You are building an Azure Machine Learning experiment.
You need to transform 47 numeric columns into a set of 10 linearly uncorrelated features.
Which module should you add to the experiment?
A.
Principal Component Analysis
B.
K-Means Clustering
C.
Normalize Data
D.
Group Data into Bins
QUESTION
Note: This question is part of a series of questions that use the same scenario. For your convenience, the scenario is repeated in each question. Each question presents a different goal and answer choices, but the text of the scenario is exactly the same in each question in this series.
You plan to create a predictive analytics solution for credit risk assessment and fraud prediction in Azure Machine Learning. The Machine Learning workspace for the solution will be shared with other users in your organization. You will add assets to projects and conduct experiments in the workspace.
The experiments will be used for training models that will be published to provide scoring from web services.
The experiment for fraud prediction will use Machine Learning modules and APIs to train the models and will predict probabilities in an Apache Hadoop ecosystem.
You plan to configure the resources for part of a workflow that will be used to preprocess data from files stored in Azure Blob storage. You plan to use Python to preprocess and store the data in Hadoop.
You need to get the data into Hadoop as quickly as possible.
Which three actions should you perform?
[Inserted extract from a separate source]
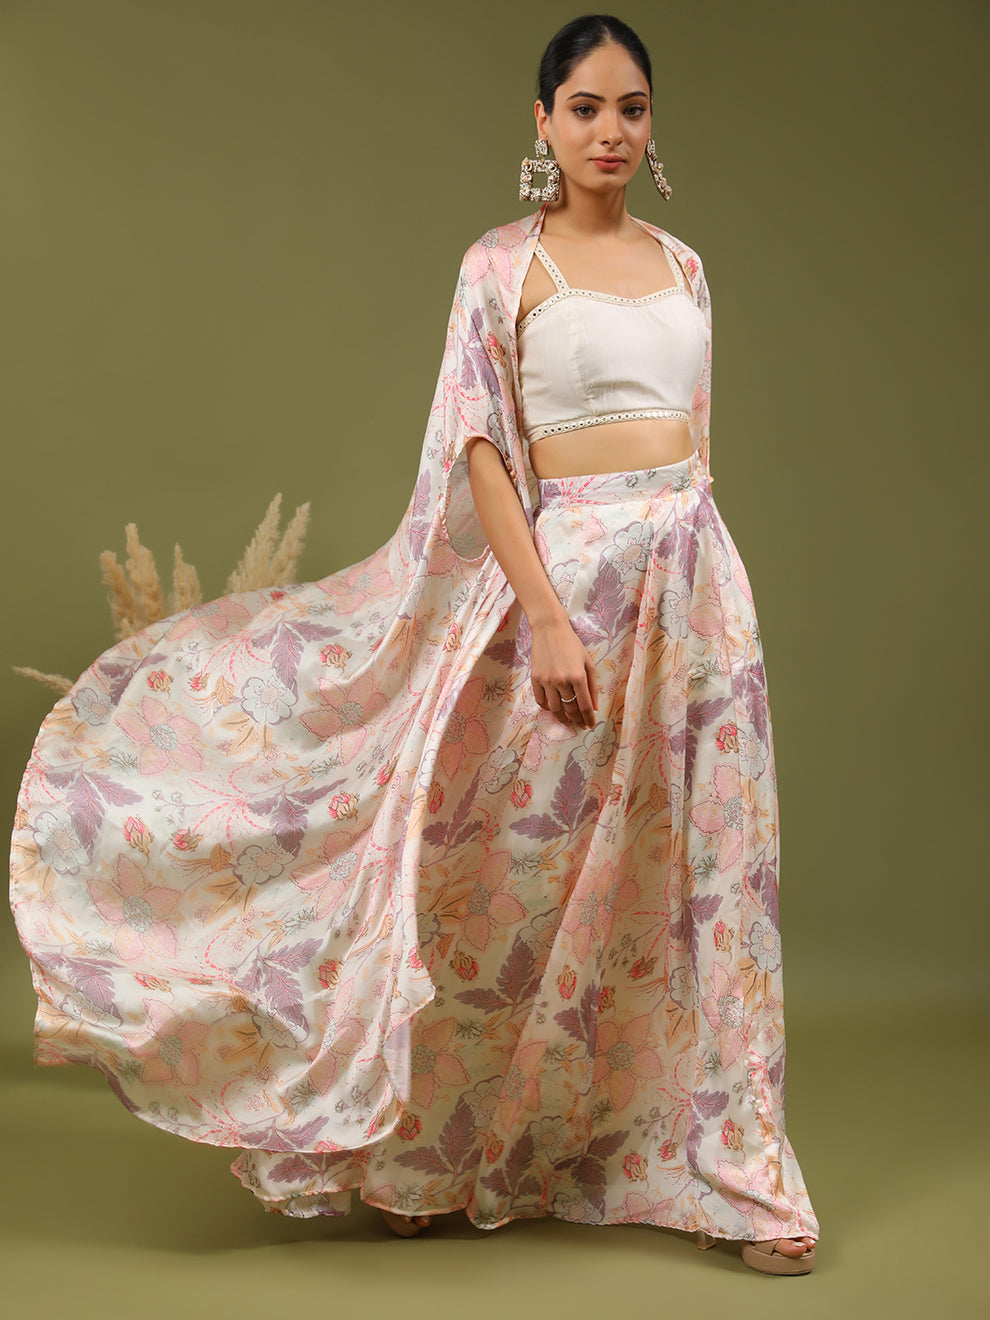 Lace Saree Traditional Lehenga Choli Blouse - Buy Lace Saree Traditional  Lehenga Choli Blouse online in India

Each correct answer presents part of the solution.
NOTE: Each correct selection is worth one point.
A. Create an Azure virtual machine (VM), and then configure MapReduce on the VM.
B. Create an Azure HDInsight Hadoop cluster.
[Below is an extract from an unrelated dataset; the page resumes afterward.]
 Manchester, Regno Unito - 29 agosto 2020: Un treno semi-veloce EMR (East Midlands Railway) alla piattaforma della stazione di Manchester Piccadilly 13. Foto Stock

C. Create an Azure virtual machine (VM), and then install an IPython Notebook server.
D. Process the files by using Python to store the data to a Hadoop instance.
E. Create the Machine learning experiment, and then add an Execute Python Script module.
Answer: BDE
QUESTION
Note: This question is part of a series of questions that use the same or similar answer choices. An answer choice may be correct for more than one question in the series. Each question is independent of the other questions in this series. Information and details provided in a question apply only to that question.
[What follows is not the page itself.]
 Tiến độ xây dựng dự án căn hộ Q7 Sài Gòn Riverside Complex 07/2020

You need to use only one percent of an Apache Hive data table by conducting random sampling by groups.
Which module should you use?
A. Execute Python Script
B. Tune Model Hyperparameters
C. Normalize Data
D. Select Columns in Dataset
E. Import Data
F. Edit Metadata
G. Clip Values
H. Clean Missing Data
Answer: A
QUESTION
You are building an Azure Machine Learning solution for an online retailer.
When a customer selects a product, you need to recommend products that the customer might like to purchase at the same time. The recommendation should be based on what other customers purchased when they purchased the same product.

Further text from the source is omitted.